Pesquisadores do Reino Unido anunciaram uma nova alternativa para pessoas que perderam a capacidade de falar após um AVC. A tecnologia utiliza inteligência artificial e é aplicada diretamente no pescoço do paciente.
O dispositivo ajuda na reconstrução da fala sem recorrer a procedimentos cirúrgicos no cérebro.
A inovação foi criada para atender pacientes com disartria, condição comum após um AVC e causada pelo enfraquecimento dos músculos da face, da boca e da garganta.
A proposta é oferecer uma forma mais acessível e prática de comunicação durante o processo de recuperação. A tecnologia foi documentada pelo site Interesting Engineering em 19 de janeiro deste ano.
Segundo especialistas, o AVC está entre as principais causas de incapacidade no mundo, com efeitos que vão além da mobilidade, como mostram estudos sobre as sequelas deixadas pelo acidente vascular cerebral.
Tecnologia aplicada ao pescoço
Batizado de Revoice, o dispositivo foi desenvolvido por uma equipe da Universidade de Cambridge. Ele combina sensores ultrassensíveis com inteligência artificial para captar sinais físicos e emocionais ligados à tentativa de fala.
O sistema funciona a partir de dois modelos de IA que operam simultaneamente. Um deles identifica vibrações quase imperceptíveis na garganta, geradas quando a pessoa tenta falar em silêncio.
O outro modelo analisa informações contextuais, como emoções, horário do dia e até o ambiente, para ajudar na formulação das frases de forma mais precisa e natural.
Como o sistema reconstrói a fala
Diferentemente de abordagens invasivas, o Revoice não utiliza eletrodos implantados com cirurgia. O aparelho registra a frequência cardíaca e as contrações sutis dos músculos do pescoço.
Esses sinais são transformados em palavras e frases quase instantaneamente. Segundo os pesquisadores, o método permite uma fala mais próxima do som natural, reduzindo o aspecto artificial comum em outras tecnologias.
O estudo foi liderado por Luigi Occhipinti, PhD, professor do Departamento de Engenharia, e contou com a participação de cinco pacientes que sofreram AVC.
Resultados e impacto emocional
Durante os testes, o dispositivo apresentou taxa de erro de palavras de 4,2% e taxa de erro de frases de 2,9%, números considerados baixos para esse tipo de tecnologia.

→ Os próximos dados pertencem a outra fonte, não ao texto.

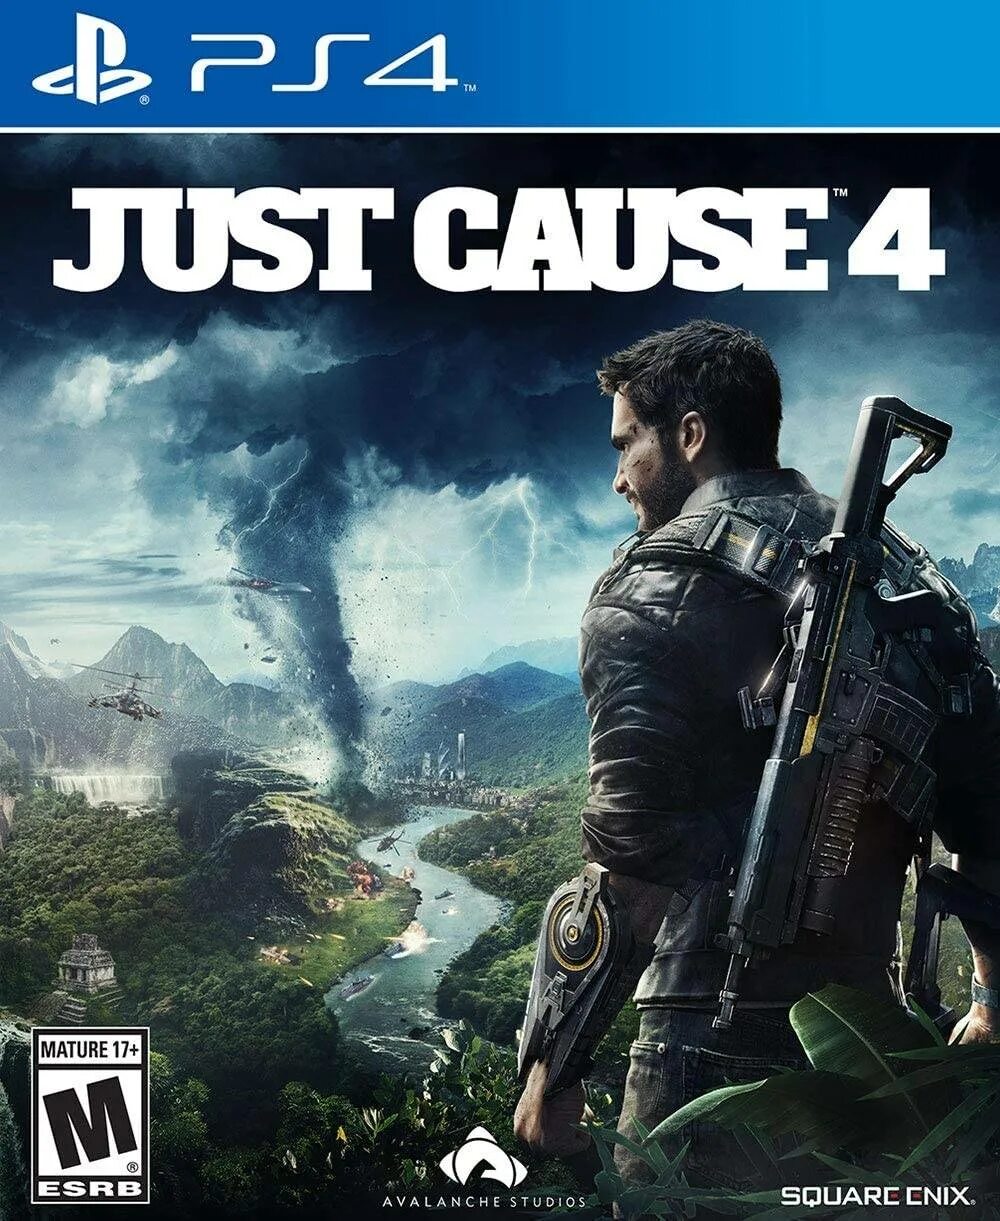 Топ игр купить. Just cause 4 [ps4]. Just cause 4 ps4 диск. Just cause 4 ps4 обложка. Just cause 4 ps4 Cover.
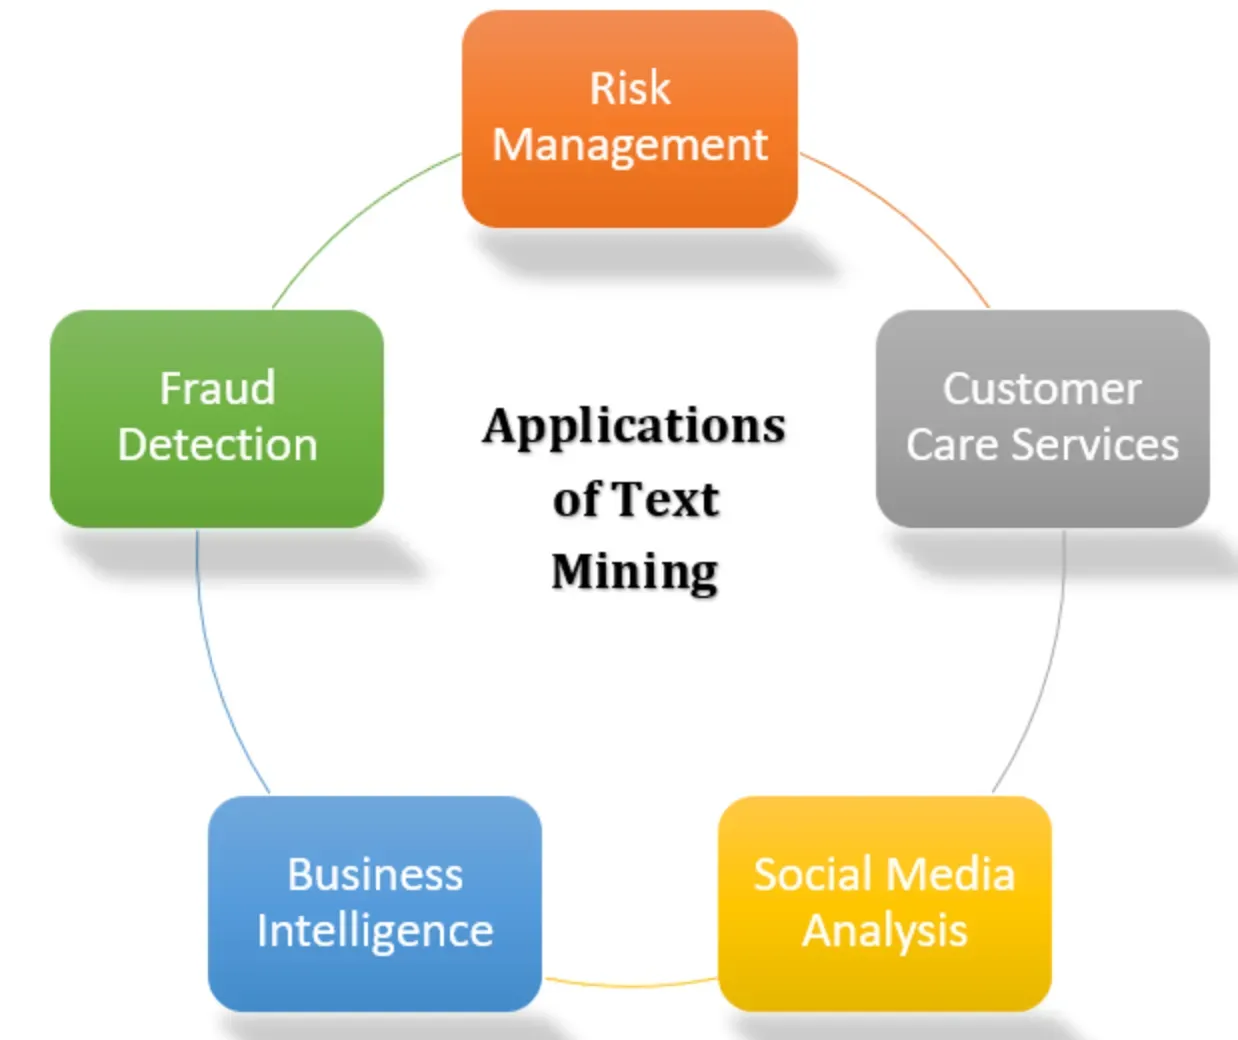 Applications of Text Mining

“Quando as pessoas têm disartria após um AVC, isso pode ser extremamente frustrante”, afirmou Luigi Occhipinti, conforme o site Interesting Engineering.
Segundo o pesquisador, os pacientes sabem exatamente o que querem dizer, mas encontram dificuldade para expressar fisicamente as palavras, já que os sinais entre o cérebro e a garganta foram afetados.
A dificuldade de comunicação tende a se acumular ao longo do tempo. Em muitos casos, a recuperação da disartria pode levar meses ou até mais de um ano.
Uso diário e outras aplicações
O objetivo do Revoice é atuar como apoio durante esse período, oferecendo mais autonomia enquanto a fala não retorna por completo. O aparelho é leve, fácil de limpar e pensado para o uso cotidiano.
O modelo de linguagem integrado consome pouca energia, o que facilita a portabilidade e o uso prolongado ao longo do dia.
Segundo os pesquisadores, a tecnologia também pode ajudar pessoas com Parkinson ou com doenças do neurônio motor, condições em que a perda da fala tende a avançar com o tempo.